1.       Plant at the right time- Early Spring is the best time to plant berries.  They aren’t affected by snow or cold, in fact they do better if they can get established before temps start to soar in the summer.

2.       Plant in the right place- Ideally you would prep your site in fall, so it would already to pop in the plants in Spring.  Raspberries like well drained, weed free soil and at least a half-day of sunlight. Avoid spots where you’ve already had raspberries, strawberries, tomatoes, potatoes, eggplants, or peppers. These plants might have left evil pathogens behind that would harm your new plants.

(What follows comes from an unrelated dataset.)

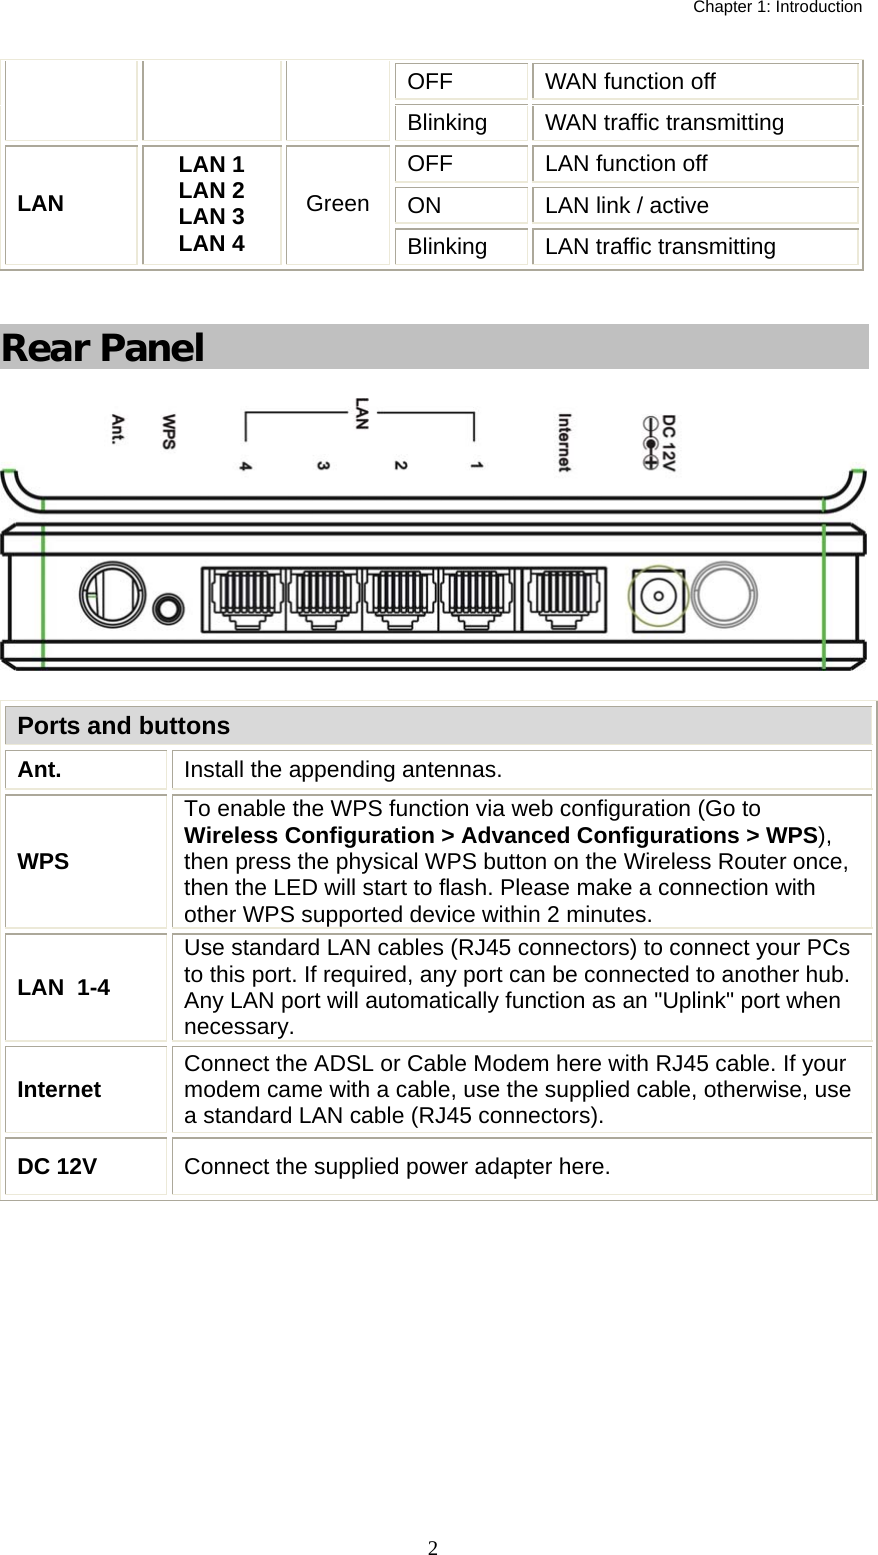   Chapter 1: Introduction  2OFF  WAN function off Blinking  WAN traffic transmitting OFF  LAN function off ON  LAN link / active LAN LAN 1 LAN 2 LAN 3 LAN 4 Green Blinking  LAN traffic transmitting  Rear Panel  Ports and buttons Ant.  Install the appending antennas. WPS  To enable the WPS function via web configuration (Go to Wireless Configuration &gt; Advanced Configurations &gt; WPS), then press the physical WPS button on the Wireless Router once, then the LED will start to flash. Please make a connection with other WPS supported device within 2 minutes.  LAN  1-4 Use standard LAN cables (RJ45 connectors) to connect your PCs to this port. If required, any port can be connected to another hub. Any LAN port will automatically function as an &quot;Uplink&quot; port when necessary. Internet  Connect the ADSL or Cable Modem here with RJ45 cable. If your modem came with a cable, use the supplied cable, otherwise, use a standard LAN cable (RJ45 connectors). DC 12V  Connect the supplied power adapter here.

3.       Plant bare root berries- You can find the widest variety of raspberries bareroot and they settle in faster. Bareroots are usually less expensive, too! And buy them certified disease free from a nursery, don’t be tempted to get them from a neighbor, they could have diseases.

4.       Plant fall bearing raspberries, for easiest care. Also called primocane or everbearing, they fruit on the newest canes each year (and if those canes are left, will fruit again the following summer). So easy to prune, you can just cut all the canes down to the ground in either late fall or early spring. You can have a crop of raspberries the very first year of planting. Yay for not having to wait for two years like you would with summer bearing raspberries.

5.     Plant them right- Soak your bare root plants for about an hour before planting. Space the canes 18-24 inches apart. Most bare root are shaped like an L, dig a trench for the bottom of the L, you want to make sure topmost roots on the plant are covered by about an half inch of soil. Firm the soil really well and water in.  Berries do best with adequate irrigation, we love having ours on drip lines.

Ripe Double Gold Raspberries, such pretty and delicious berry.

Ripe Double Gold Raspberries, such pretty and delicious berry.

Those 5 tips, in my opinion, are the most important when establishing a new raspberry patch. Now for a couple of fun bonus ideas!

                *Have fun with the varieties you choose. You can get regular old red raspberries at the store, so plant something harder to get like yellow or pink berries. We have Anne, a yellow, and Double Gold, a pink champagne color, and love them both.

                *Find a berry patch nearby and go try the different varieties. Find your favorite and order those. That is how we found our two favorite red varieties, Caroline, sweet with a bit of tartness and Joan J, a thorn less raspberry. Just thinking about them is making my mouth water!

                *Since this a flower farm blog, I should tell you that raspberry greens are a fabulous cut foliage for arrangements. Even the immature berries are pretty mixed with flowers in a vase. It’s one of my favorite greeneries to add to bouquets.

Raspberry foliage and summer blooms.

Raspberry foliage and summer blooms.

I hope these tips help you find success growing raspberries so that you can look forward to summers bursting with deliciousness!